As someone in the comments pointed out, "allies" (those invited to the Muder's proverbial party, but sympathetic to the concerns of those excluded from it) may be able to ask nicely, to supportively validate the good-personhood of those peers they hope to persuade to more enlightened treatment of their friends outside. But they're able to do that because they're at the party. They stand shoulder to shoulder with the privileged group -- they're not being directly threatened or hurt by the inequality in question. The fact that they're on the same level makes them well-placed to offer a supportive shoulder to those for whom the world seems suddenly incoherent or antagonistic, even as they attempt to persuade them of the error of their ways. But, while those struggling to gain full recognition of their human dignity *may* be generous enough to attempt to rehabilitate those who have denied it, to insist that they must be, or even always *can* be, is to claim yet another unwarranted privilege.

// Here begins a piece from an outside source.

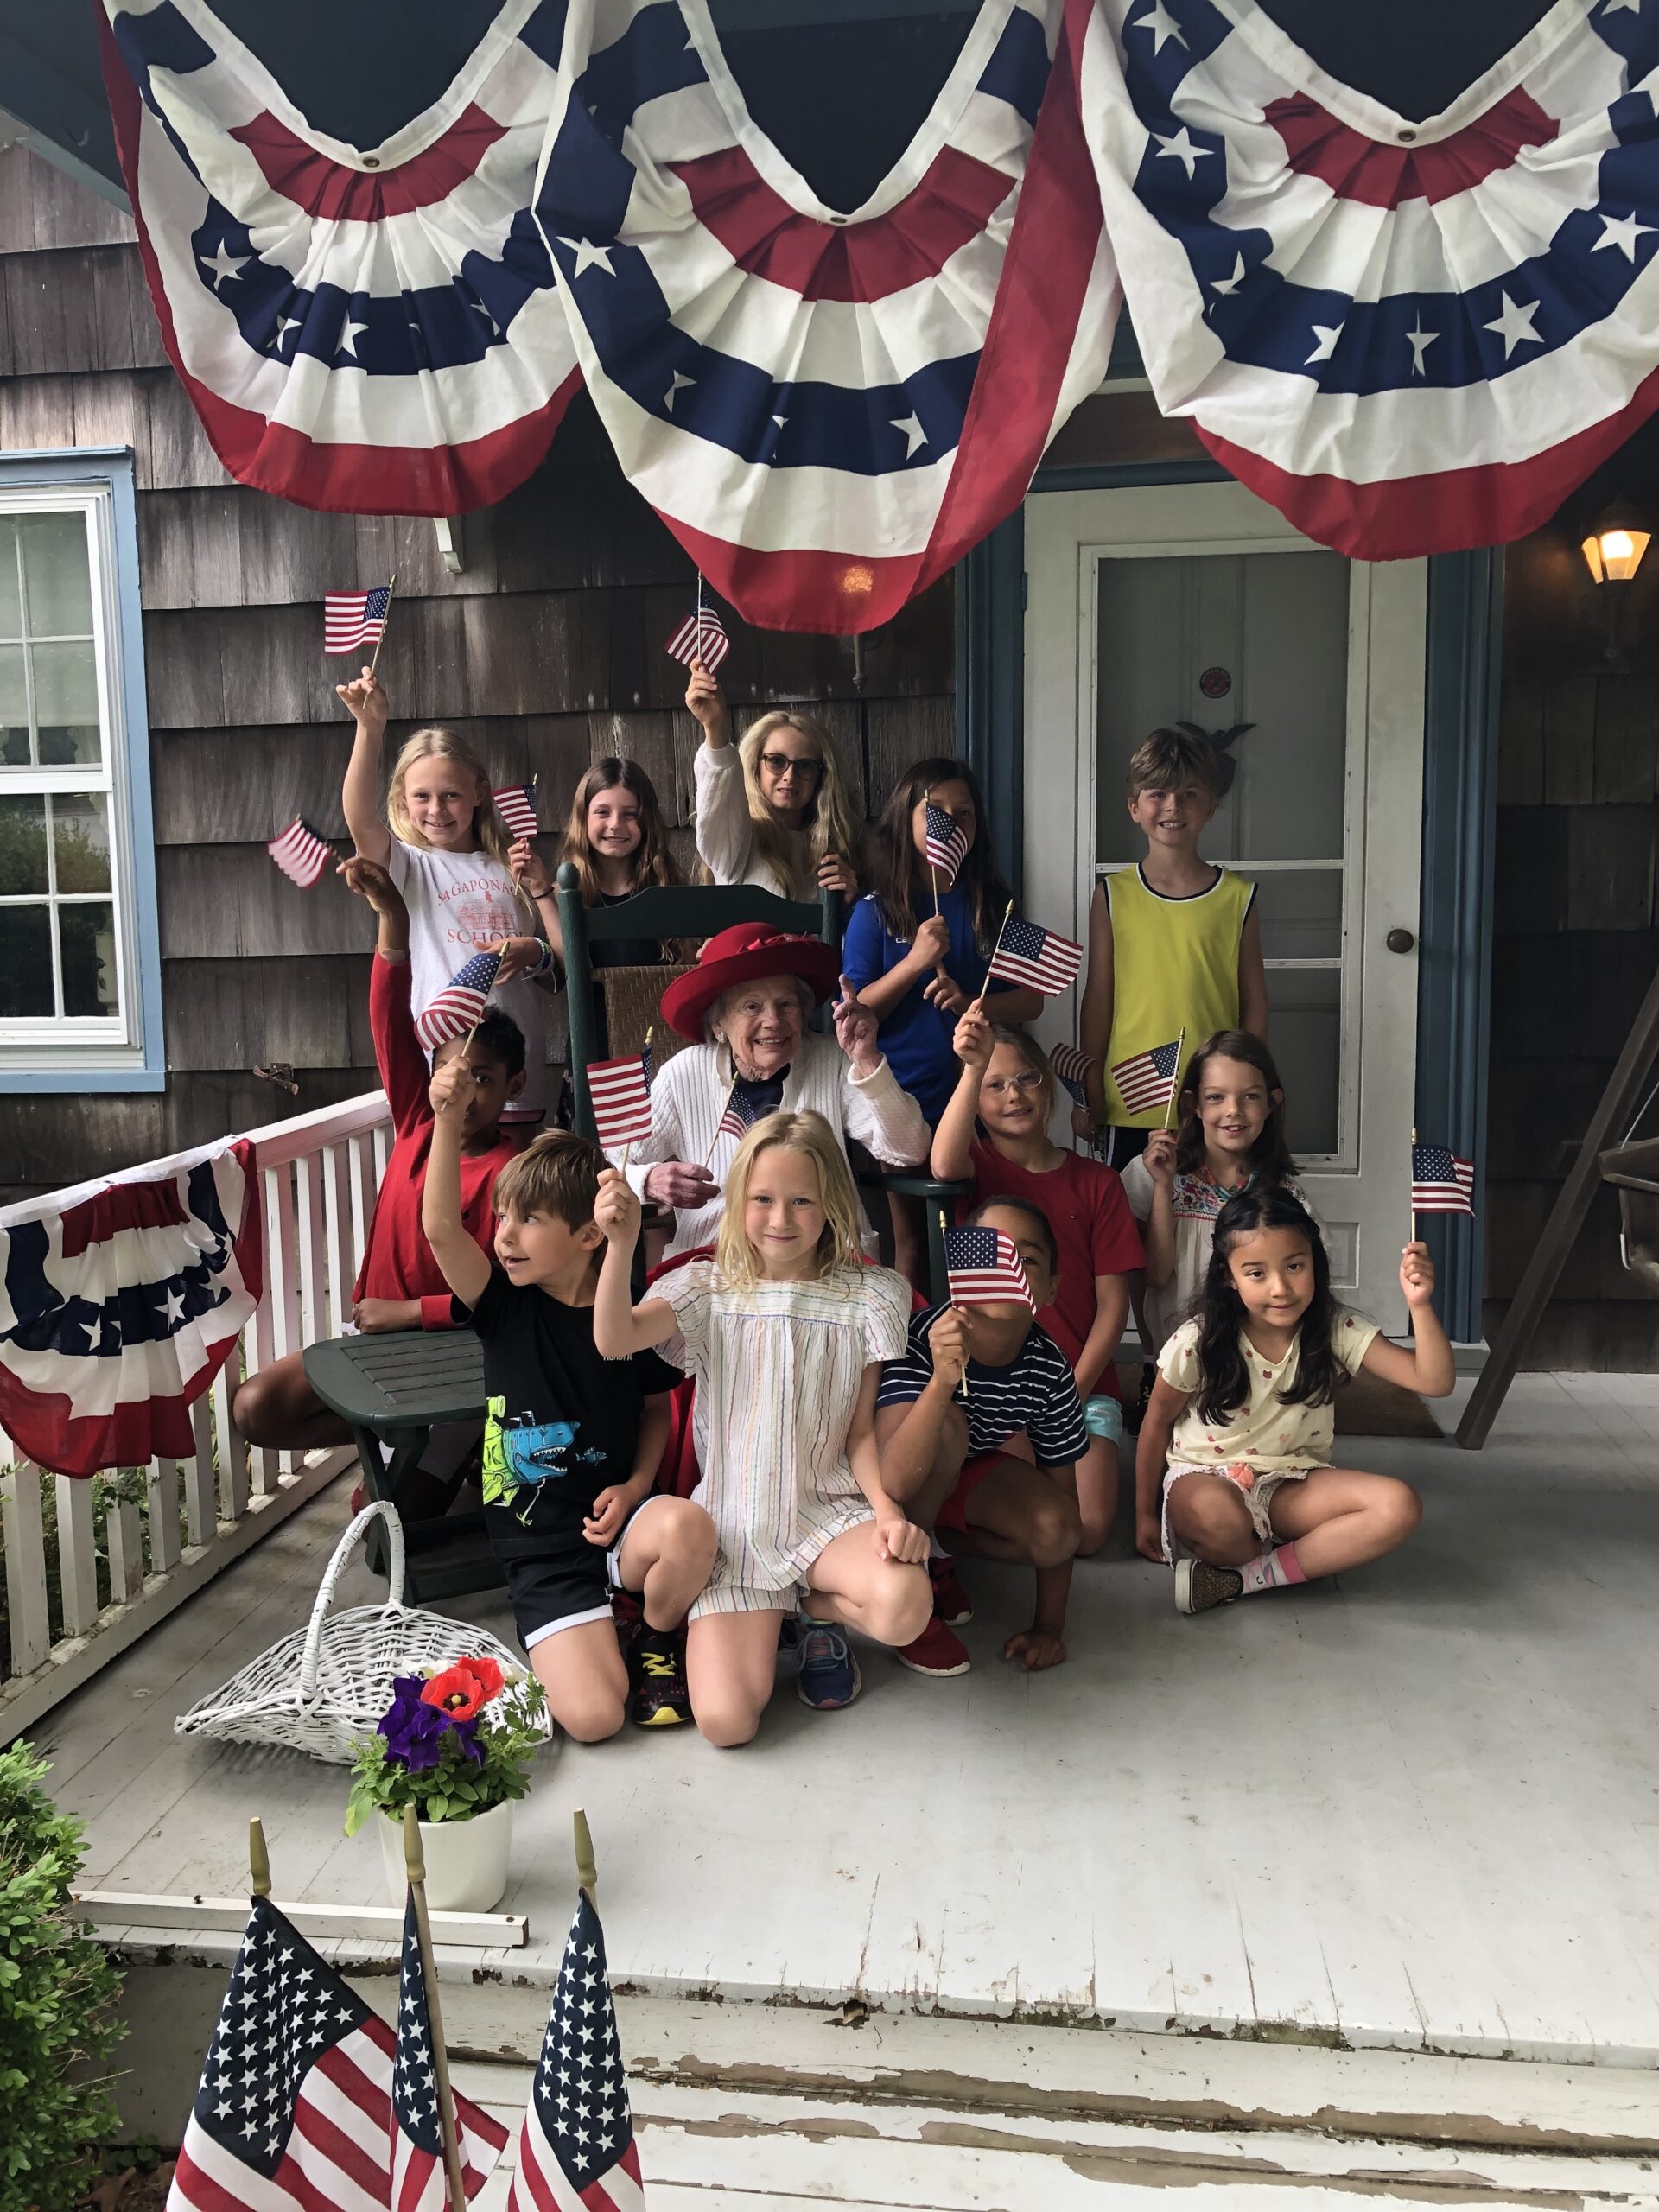 Students from the Sagaponack School gathered, as they do every year, on the porch of Barbara Albright, a longtime resident of Sagaponack and the school's best cheerleader, to sing patriotic songs an recite the pledge of allegiance for Flag Day. Albright's house is one of the oldest homes in Sagaponack; it was built in the 1700s. COURTESY SAGAPONACK SCHOOL

If you refuse to acknowledge an inequality that diminishes my personhood, it is not my job to preserve your positive self-image. If you are working to maintain a status quo that denies my full and foundational human dignity or threatens my well being, I shouldn't be expected to care about winning you over, or to try and lessen your feelings of disorientation when I defend myself. I should only be expected to care that you immediately stop diminishing my personhood, denying my dignity, or threatening my well being, regardless of whether or not you've been won over or convinced of my full humanity. If we're all at the party, and we're standing side by side, perhaps we can have a mutually open-minded and sympathetic conversation. But, if you've got your foot on my neck, you can't reasonably expect me to care if my throwing you off upsets your balance.


1 comment:

  1. Yes, this. It's really the tone argument, which is an absurd thing and very much the assertion of privilege in itself. (Which is something I hadn't quite articulated, so thank you.)